Conversely, if you're just given some discount factors (eg from some swap curve) then you can multiply cash flows % by the given discount factors and sum them to get the price implied by the discount factors (which is not likely to match any observed price). For example
$$\begin{array} {|c|c|c|c|c|c|} \hline \ & \mbox{Undiscounted} & \mbox{Undiscounted} & \mbox{Made-up} & \mbox{Discounted} & \mbox{Discounted} \\ \mbox{Year} & \mbox{Cashflow} & \mbox{Cashflow} & \mbox{Discount} & \mbox{Cashflow} & \mbox{Cashflow} \\ & \mbox{\\\$} & \mbox{\%} & \mbox{Factor} & \mbox{\\\$} & \mbox{\%} \\ \hline 1 & 26,666.67 & 4 & \mathbf{0.95} & 25,333.33 & 3.80 \\ 2 & 360,000.00 & 54 & \mathbf{0.92} & 331,200.00 & 49.68 \\ 3 & 13,333.33 & 2 & \mathbf{0.89} & 11,866.67 & 1.78 \\ 4 & 13,333.33 & 2 & \mathbf{0.86} & 11,466.67 & 1.72 \\ 5 & 346,666.67 & 52 & \mathbf{0.83} & 287,733.33 & 43.16 \\ \hline \\ \mbox{Total} & 760,000 & 114 & & 667,600 & 100.14 \\ \hline \end{array}$$
These made-up discount factors imply the dirty price of 100.14. Subtracting the accrued interest, we get clean price of 100.14 - 1 = 99.14.

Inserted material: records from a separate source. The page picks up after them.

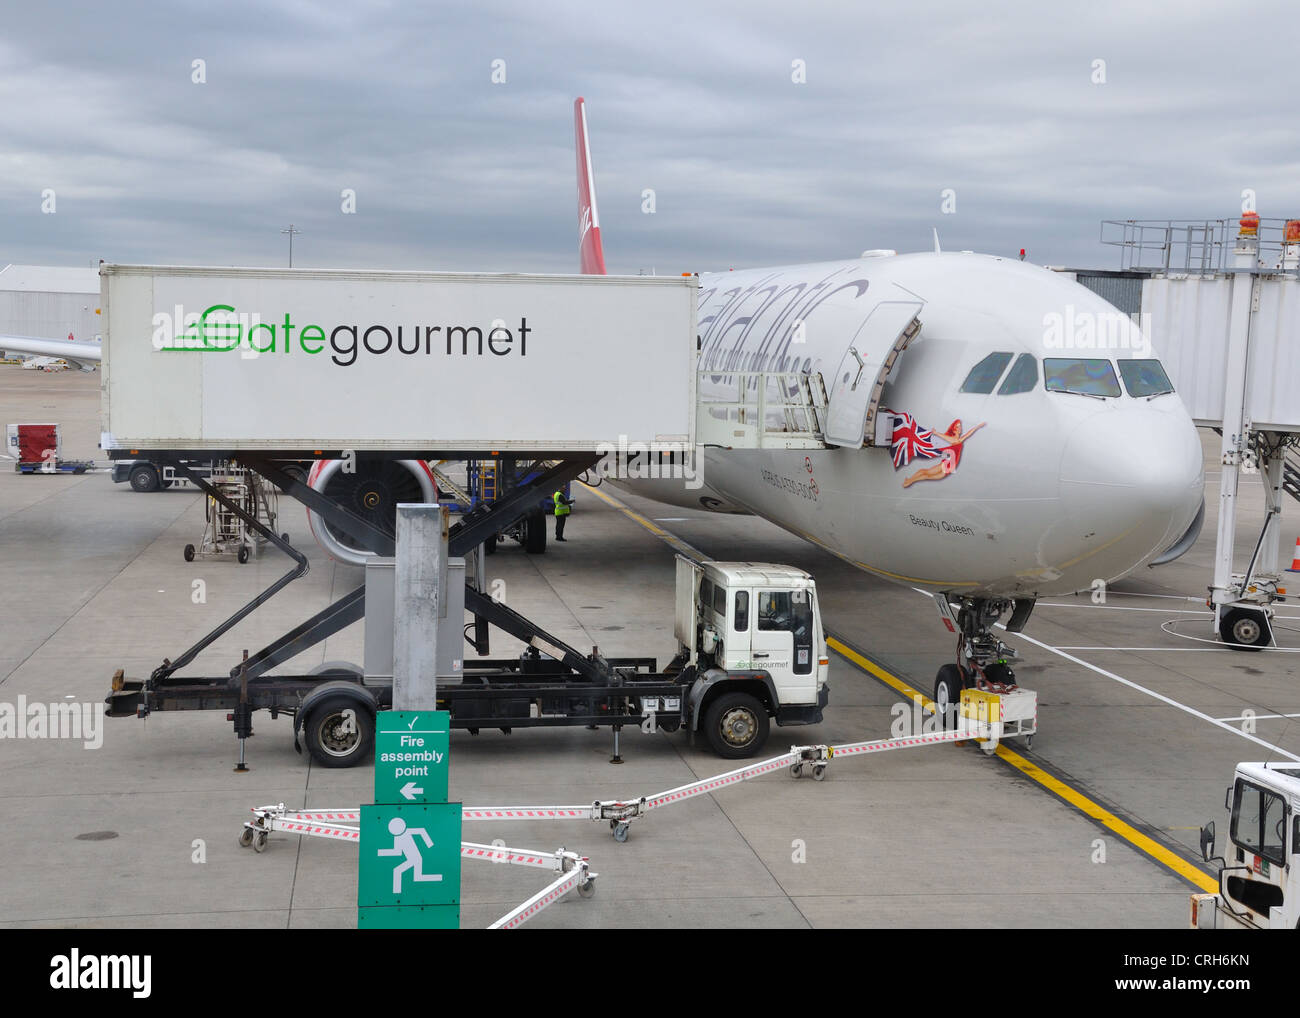 Un avion Virgin Atlantic reçoit les services de Gate gourmet à l'aéroport de Glasgow. Banque D'Images
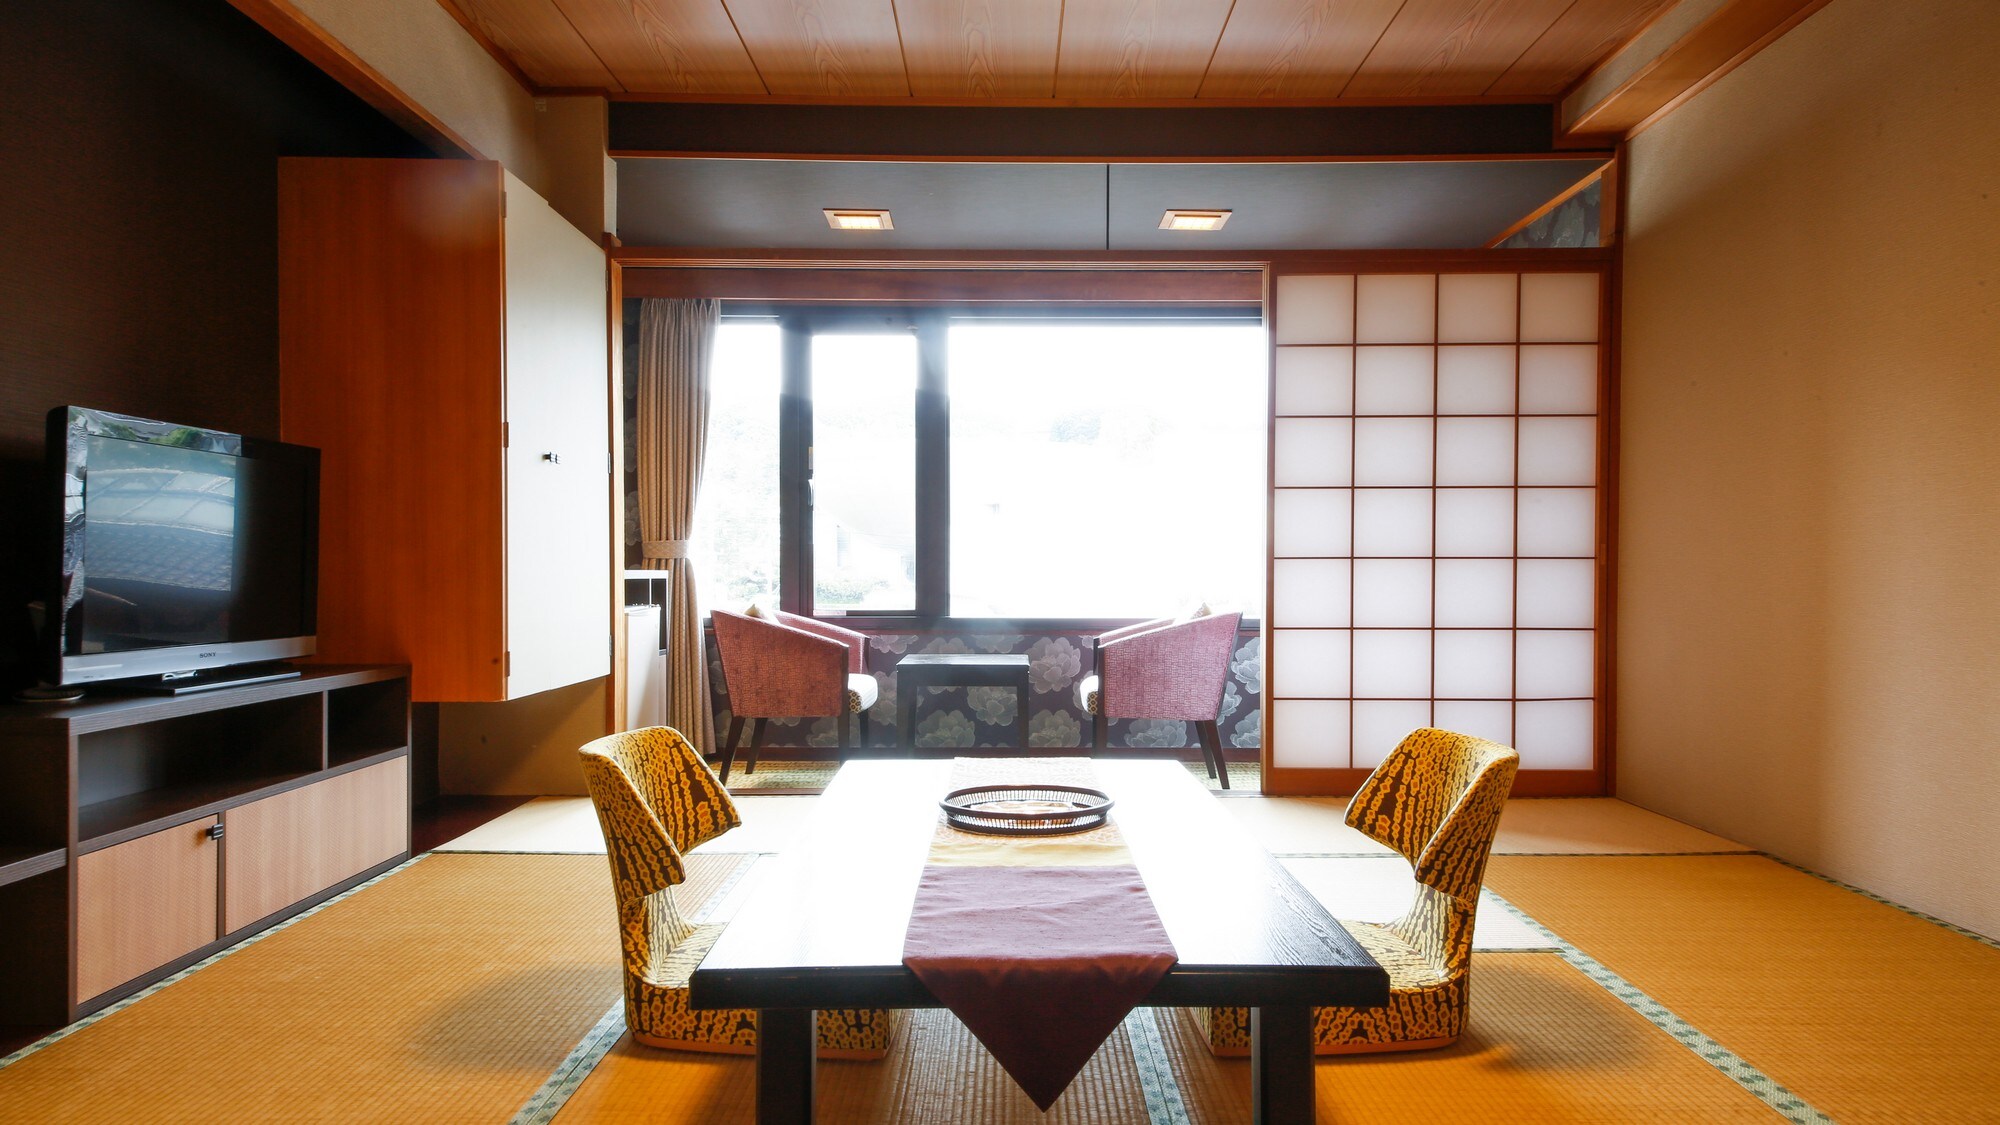 Izumo Concept ห้องสไตล์ญี่ปุ่น <Kaun-KAUN> ห้องนี้สร้างจากภาพของประเทศในตำนาน "Izumo"
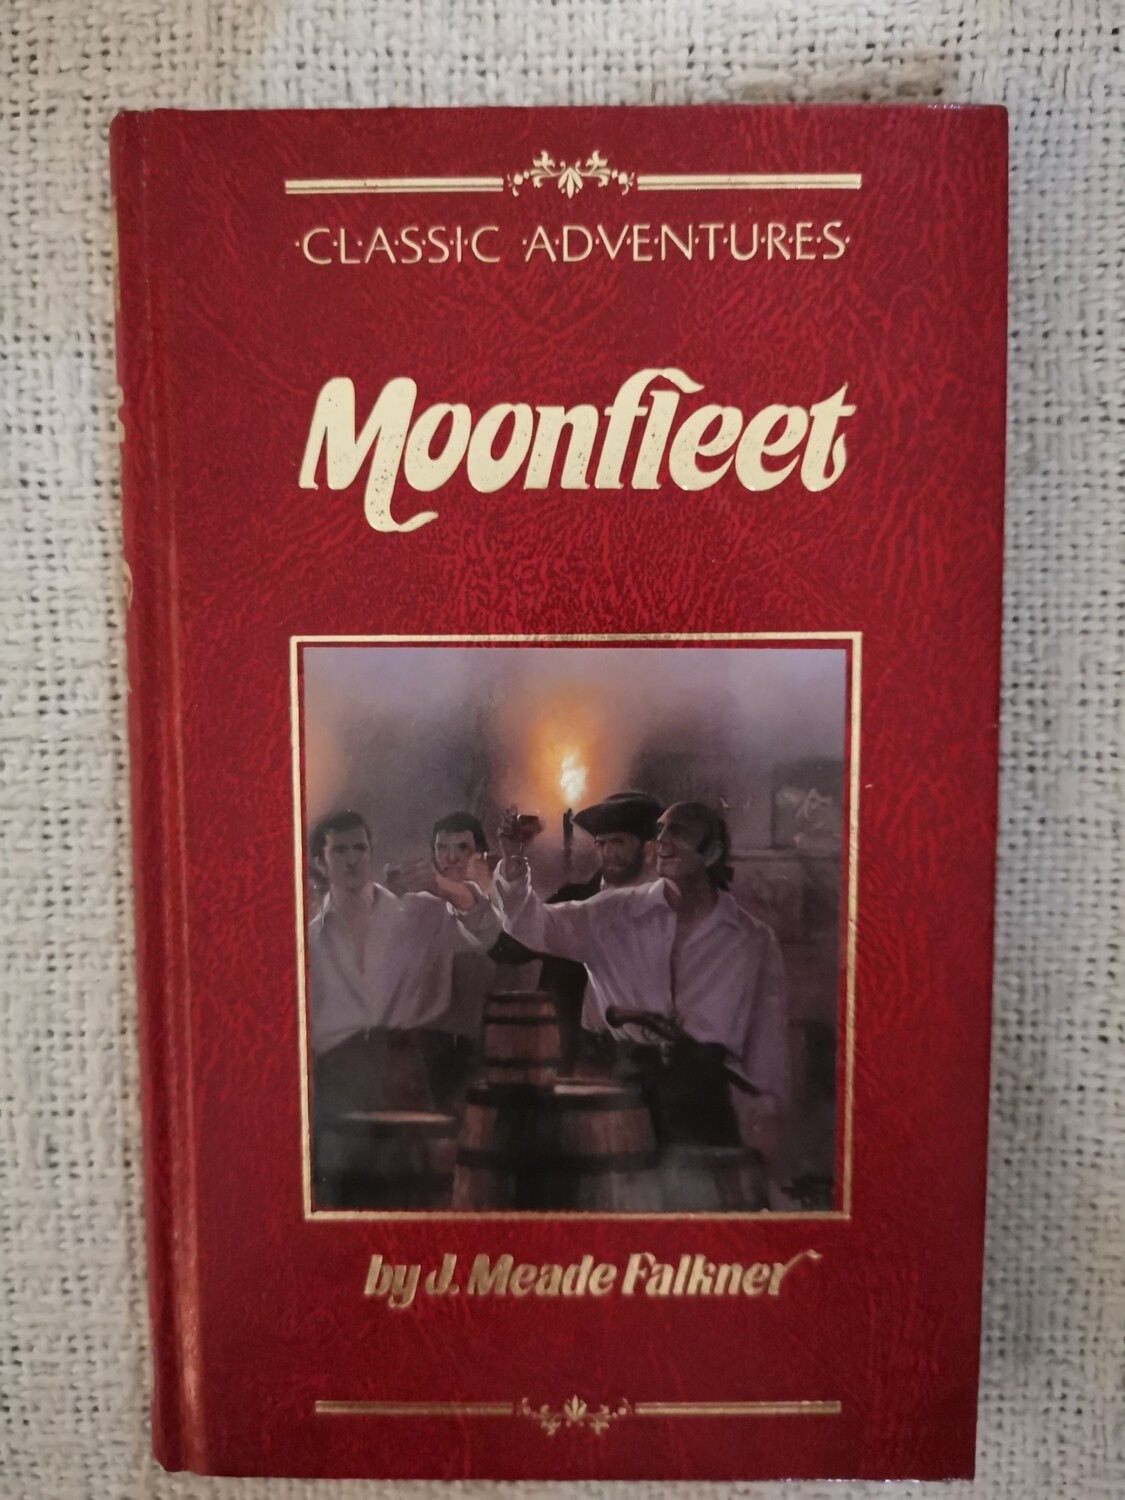 Moon fleet, J. Meade Falkner
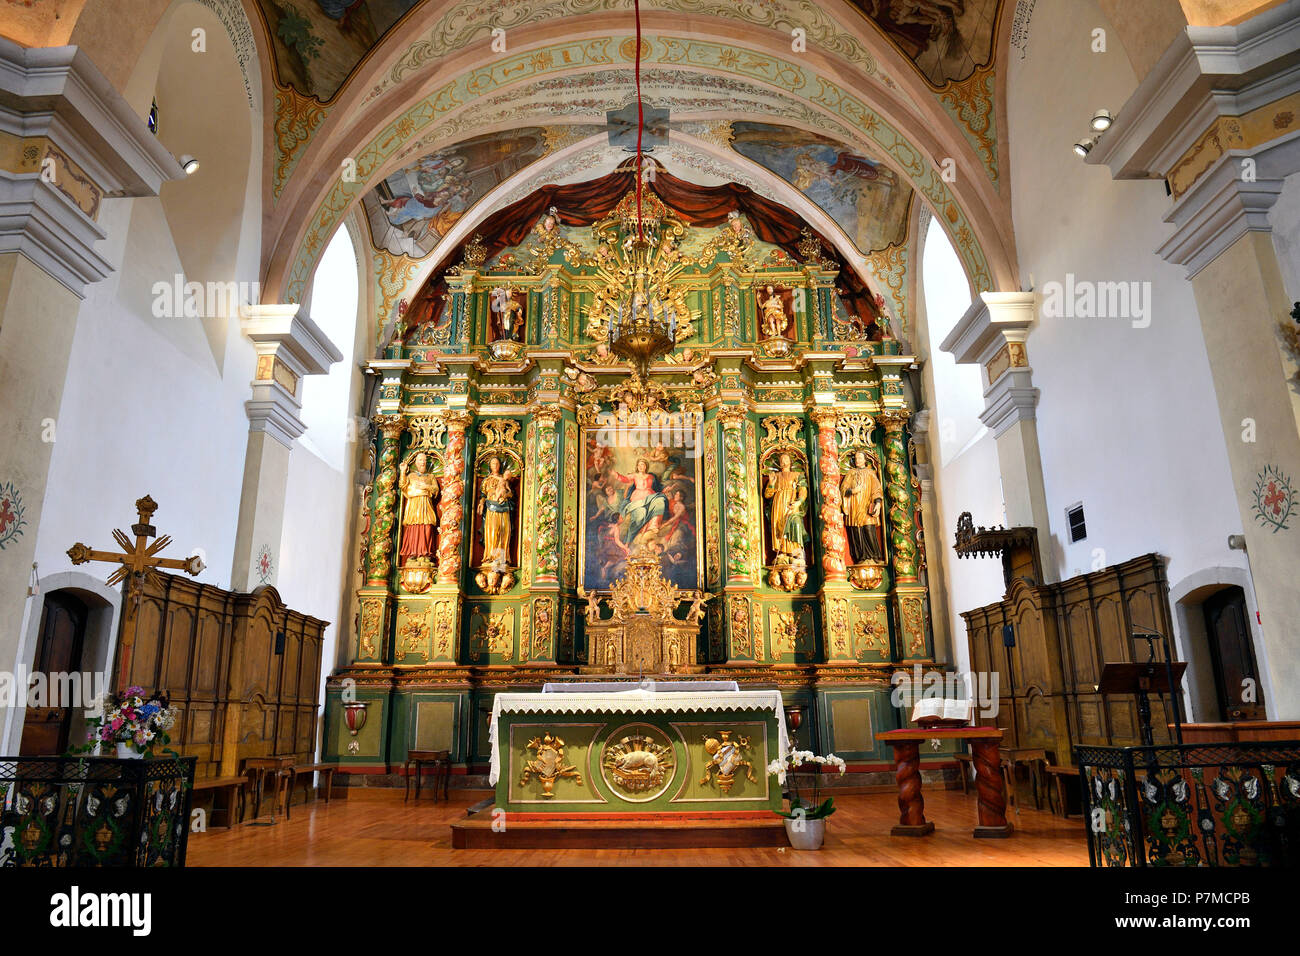 Francia, Haute Savoie, cordón, Les sentiers du Baroque, iglesia de Nuestra Señora de la Asunción, retablo barroco Foto de stock
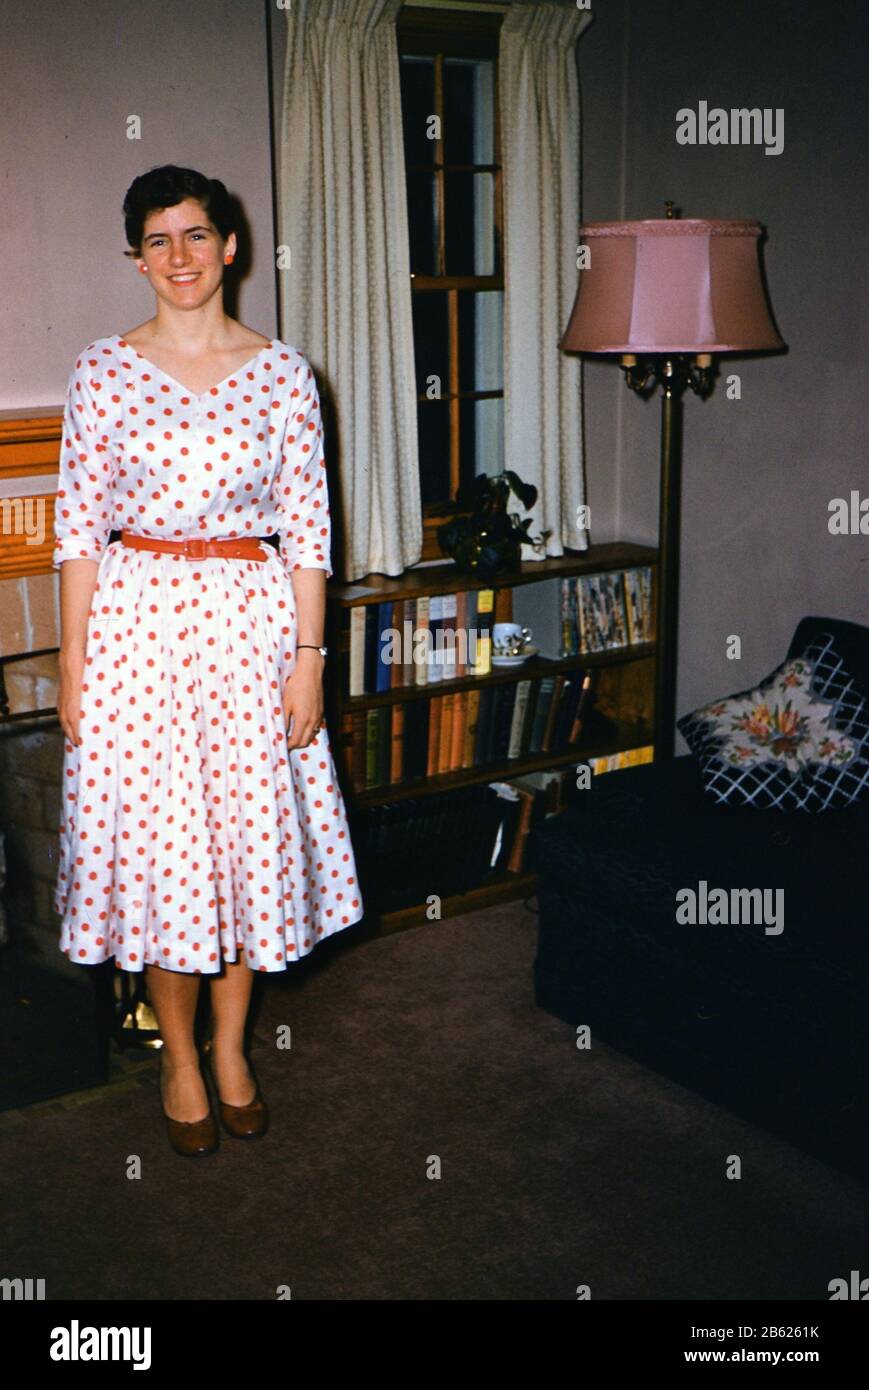 Mujer joven con un rojo y blanco vestido ca. Fotografía de -

Or, if you're just given the net of the discounted cash flows, like USD 667,600, then you still can divide by the principal as of the settlement date (USD 1,000,000 * 2/3) to get the dirty price of 100.14%. If you wish, you can also solve for the yield explaining this price, possibly using yet other discount factors corresponding to this yield. To get a clean price, you subtract the accrued interest from the dirty price (again, being careful with the factor).
This answer formalizes the first part of the nice answer by @Dimitri Vulis, and his answer about the base of the dirty price in response to my question/comment below his main answer.
I do not know why parts of the formulas appear in dark red or in italics.
Definitions:
(1) Dirty Price = DCF / Face Value
(2) Clean Price = (DCF - Accrued Interest) / Unpaid Principal
(3) Factor = Unpaid Principal / Face Value
(4) Accrued Rate = Rate * Accrued Year Fraction
(5) Accrued Interest = Unpaid Principal * Acrued Rate
Comments:
(1) and (2) are ratios usually expressed as percentages. A ratio of 1.02 is expressed as 102% so that people who are used to conceiving the dirty or clean price as the value of a bond of $100 face value or unpaid principal can ignore the % sign and keep 102. The latter is the typical way of reporting the price. However, it is more convenient to use the ratio (formatted as a percentage if convenient) to express the price in your code or spreadsheet. This way, the value (DCF) of a position is obtained as the product of the (Dirty or Clean) price and the quantity of a position, where the quantity is measured by the Face Value or Unpaid Principal, without the need to divide by 100 and the risk of forgetting to do so.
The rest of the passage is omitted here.